故西和夫氏(神奈川大学名誉教授)の著書『三溪園の建築と原三溪』によれば、三渓は豊臣秀吉を好み、園内にも「旧天瑞寺寿塔覆堂」(秀吉が母の長寿を願って建立)のような秀吉所縁の建物を移築している。「臨春閣」もまた、秀吉が京都に建てた聚楽第の一部であるとして大阪市此花区春日出新田から移築された。当時は「桃山御殿」と呼び、秀吉所縁の調度品等も展示しており、長男の婚礼や三渓自身の葬儀もここで行われたことから、他と比較しても思い入れのあった建物であったことが窺える。現在は後の調査で、慶安2(1649)年に、和歌山県岩出市の紀ノ川沿いに建てられた紀州徳川家の別荘「巌出御殿」が、後に大阪市の春日出新田に新田会所(別荘のようなもの)として移築されたのではないかと考えられている。移築の際には、3棟から成る建屋の順序を入れ替え、園内に築造した池に沿って3棟を少しずつずらしながら接続し、各棟からから池が眺められるよう構成されている。
[ THE HERITAGE TIMES YOKOHAMA KANAGAWA ] もこの特別公開初日にあたる17日に現地を訪れた。残念ながら内部は写真撮影不可となっているので、見学を予定されている場合は、注意いただきたい。
唐破風の付いた玄関から屋内に入ると、今回の大修理の過程で発掘された玄関棟(戦災により失われたとされている)の床の一部が保存公開されている。靴を脱ぎ、第一屋に入る。第一屋は、鶴の間、瀟湘の間、花鳥の間から成り、鶴の間には、狩野周信「鶴図」が、花鳥の間には狩野探幽による「四季花鳥図」の障壁画が描かれている。瀟湘の間と花鳥の間の間にある鴨居には、波を模った立体的な彫り物が施されており、職人の技量の高さを感じることができる。池に面した第二屋は釣り殿(池に面して周辺を吹き放ちにした寝殿造りに見られる建物)となっており、琴棋書画の間、浪華の間、住の江の間、繁の間から成る。ここでも狩野派の絵師による障壁画の他、建屋内部からしか見えない建具に設けられた組子細工、石垣張り(障子紙を中央で重ねて張る)の障子等を見学できる。この第二屋にある住之江の間では、長男の婚礼や三渓自身の葬儀が行われている。第二屋から第三屋に続く廊下には、十二支をモチーフとした板絵十二支図額が設置されており、表情の異なる十二支が愛くるしい。こちらも外部からは見学できないので、この機会に是非見ていただきたい。第三屋は、唯一の2階建てであり、1階の天楽の間、2階の村雨の間から成る。天楽の間の鴨居には雅楽で使用する笙等の楽器がはめ込まれている。2階に上がる階段へと続く花頭窓の額縁も美しい。
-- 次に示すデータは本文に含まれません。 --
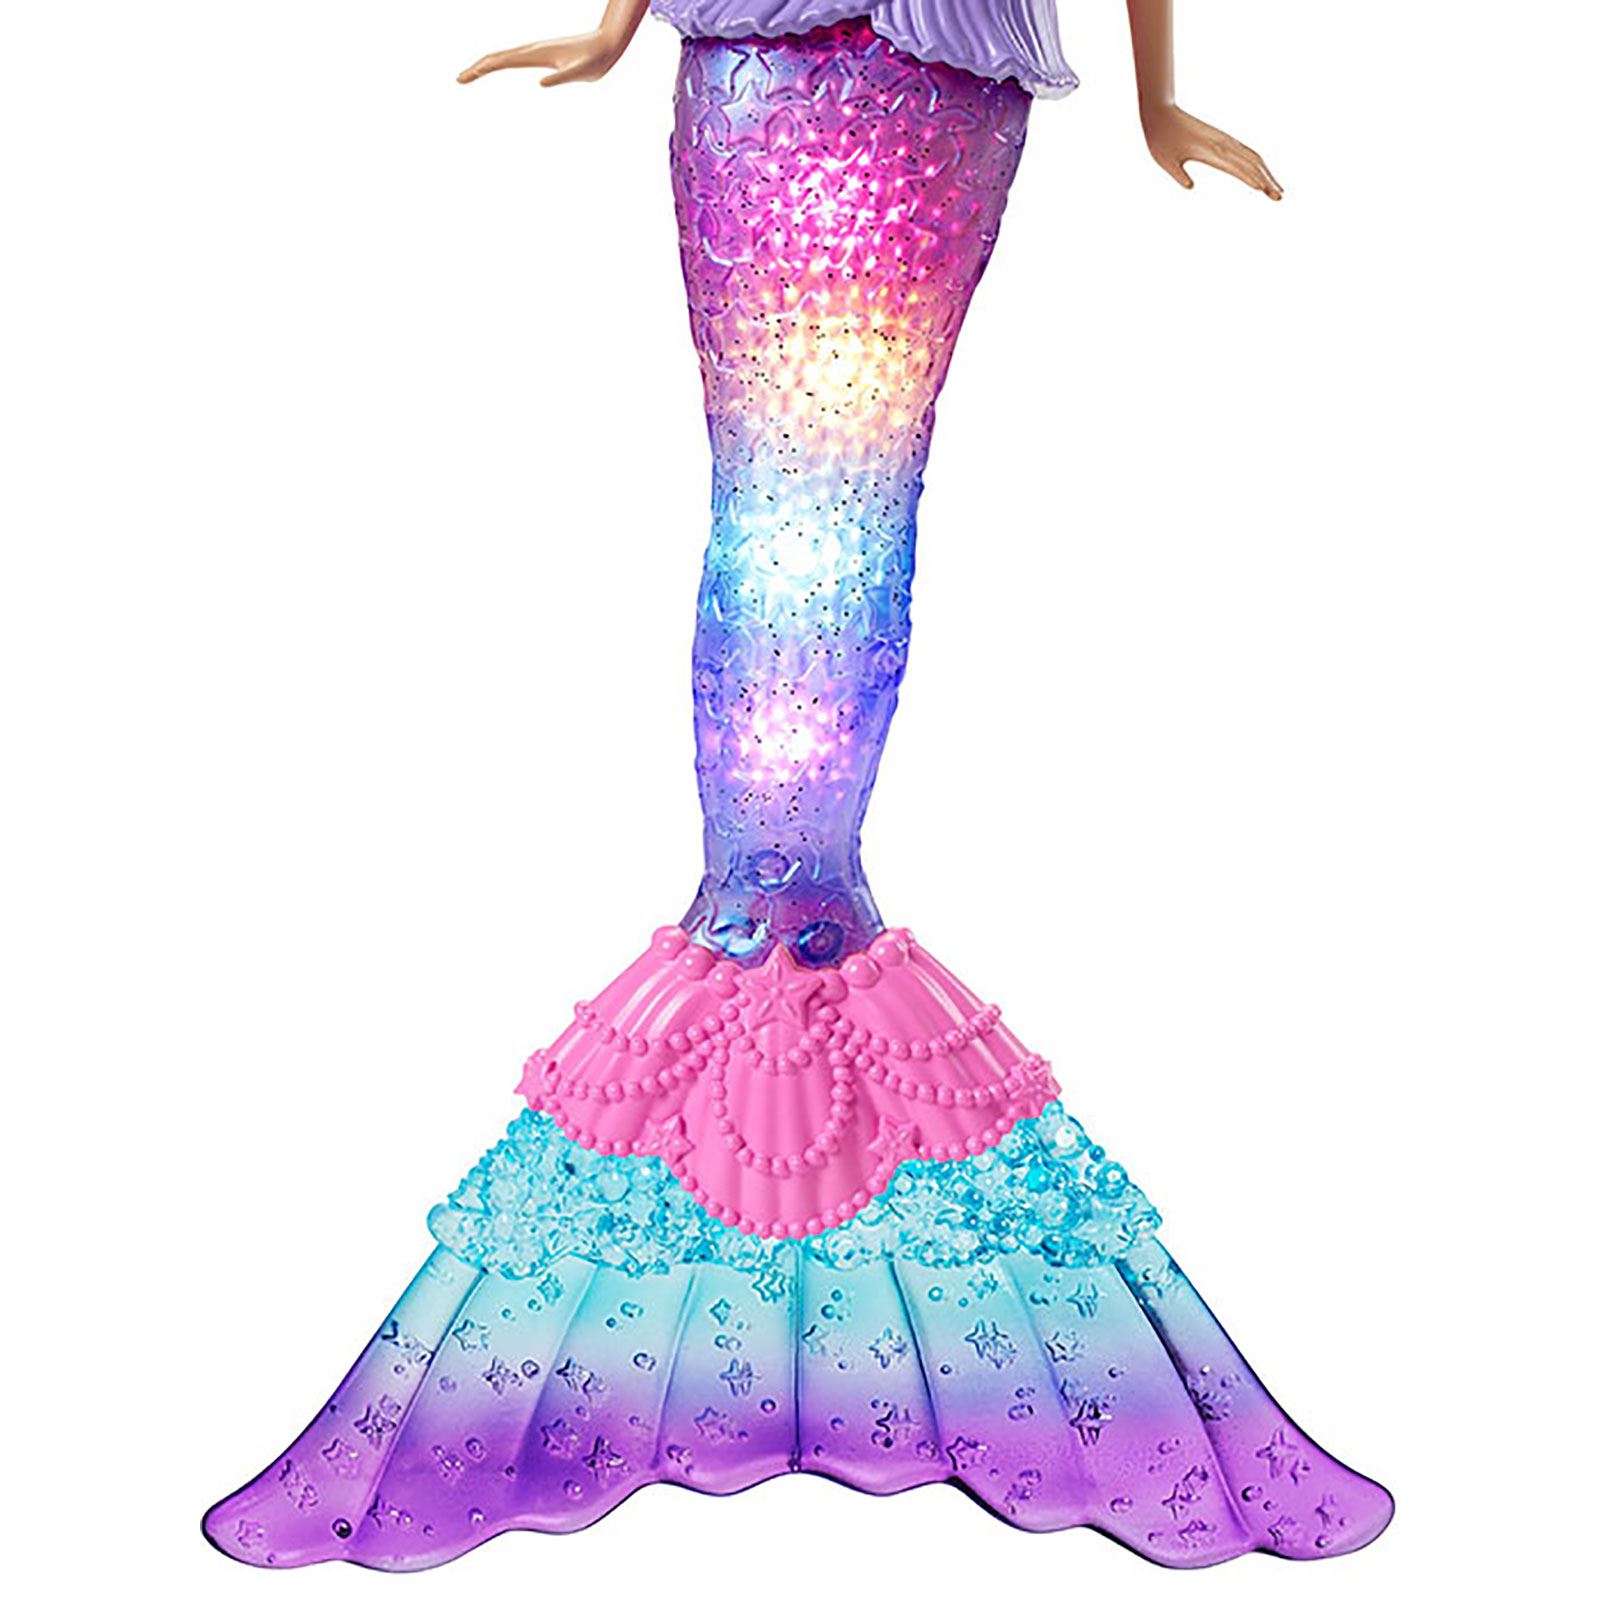 Barbie Dreamtopia Işıltılı Deniz Kızı Mavi 3+ Yaş

三渓記念館の展示室では、修理の様子を記録した田中克昌氏の写真展「あとさき‐臨春閣‐」も同時開催されているので、合わせて見学いただきたい。
今回の大修理では、檜皮葺きや杮葺きの屋根の葺替えを中心に内部の鴨居や建具等が修復されたが、貴重な文化財を後世に渡り保存していくには定期的な修繕が必要となっている。
是非こうした機会に歴史的建造物に触れ、ファンになっていただきたい。